Kekerasan itu juga membuat Rumah Sakit Guru Teg Bahadur (GTB) dipenuhi oleh banyak korban yang terluka. Direktur GTB, Sunil Kumar, mengatakan kepada kantor berita AFP pada Rabu (26/2) bahwa hampir 60 orang mengalami luka tembak.

Elizabeth Puranam dari Al Jazeera, melaporkan dari New Delhi, mengatakan "Orang-orang bertanya mengapa (kekerasan berlangsung) selama empat hari. Delhi memiliki pasukan polisi 84 ribu, saya percaya, namun kekerasan ini dibiarkan berlanjut."

Sementara bentrokan menghantam bagian-bagian Ibu Kota, Modi justru menjadi tuan rumah resepsi mewah untuk Presiden Amerika Serikat Donald Trump di Ibu Kota pada Selasa (25/2) lalu, menyusul rapat umum di negara bagian asalnya, Gujarat, pada Senin (24/2), dihadiri oleh lebih dari 100 ribu orang.

Sebelumnya, kekerasan pecah setelah ribuan orang menentang undang-undang baru yang disahkan oleh pemerintah nasionalis Hindu. Undang-undang Amendemen Kewarganegaraan (CAA) memudahkan agama minoritas lain, kecuali Muslim, dari beberapa negara tetangga yang didominasi Muslim untuk mendapatkan kewarganegaraan India.

Para kritikus mengatakan hukum itu bias dan diskriminatif terhadap Muslim dan merusak konstitusi sekuler India. Partai Bharatiya Janata Modi telah membantah memiliki bias terhadap 180 juta Muslim India.

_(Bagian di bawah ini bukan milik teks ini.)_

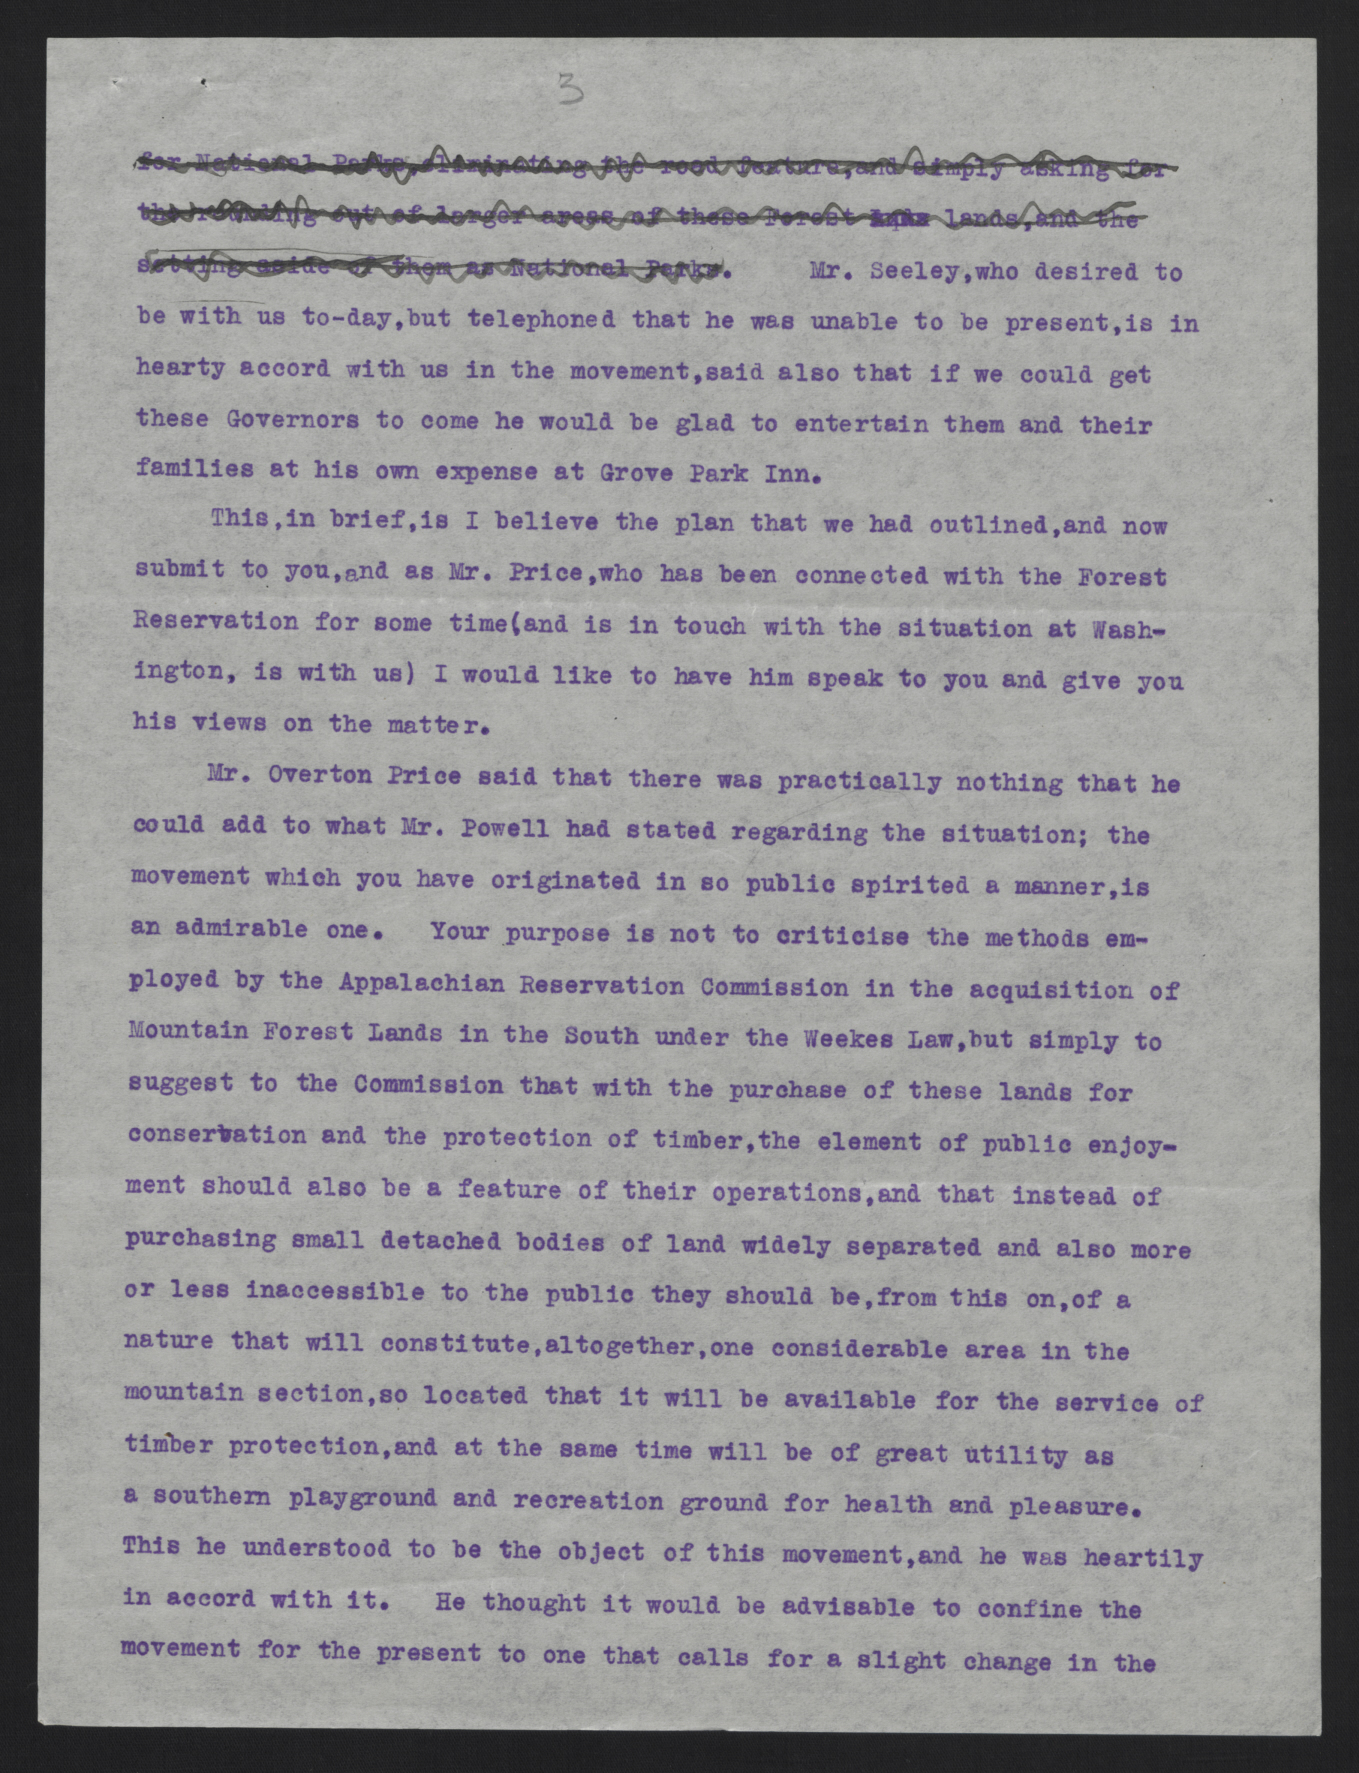 Meeting Minutes of the Greater Western North Carolina Association, 11 October 1913, page 3

Undang-undang kewarganegaraan telah memicu protes nasional berbulan-bulan, serta bentrokan yang menewaskan lebih dari 25 orang pada Desember 2019 lalu. Pada hari Rabu, Kongres Gandhi menuduh tokoh-tokoh BJP memberikan "pidato yang menghasut menyebarkan suasana kebencian dan ketakutan", termasuk dalam pemilihan kota Delhi bulan ini.

Sejak memenangkan masa jabatan kedua, pemerintah Modi telah mencabut otonomi parsial Kashmir, satu-satunya negara bagian dengan mayoritas Muslim di India, dan mengatakan ingin melakukan pendaftaran warga negara secara nasional untuk menyingkirkan "penyusup".

Langkah-langkah ini, ditambah hukum kewarganegaraan, telah memicu kekhawatiran bahwa rencana utama Modi adalah untuk membentuk kembali India sebagai negara Hindu. Namun ia membatahnya.

Politikus berusia 69 tahun itu dituduh tidak melakukan apa pun untuk menghentikan kerusuhan agama pada tahun 2002 sebagai kepala menteri Gujarat ketika sekitar 1.000 orang tewas yang kebanyakan korbannya adalah Muslim.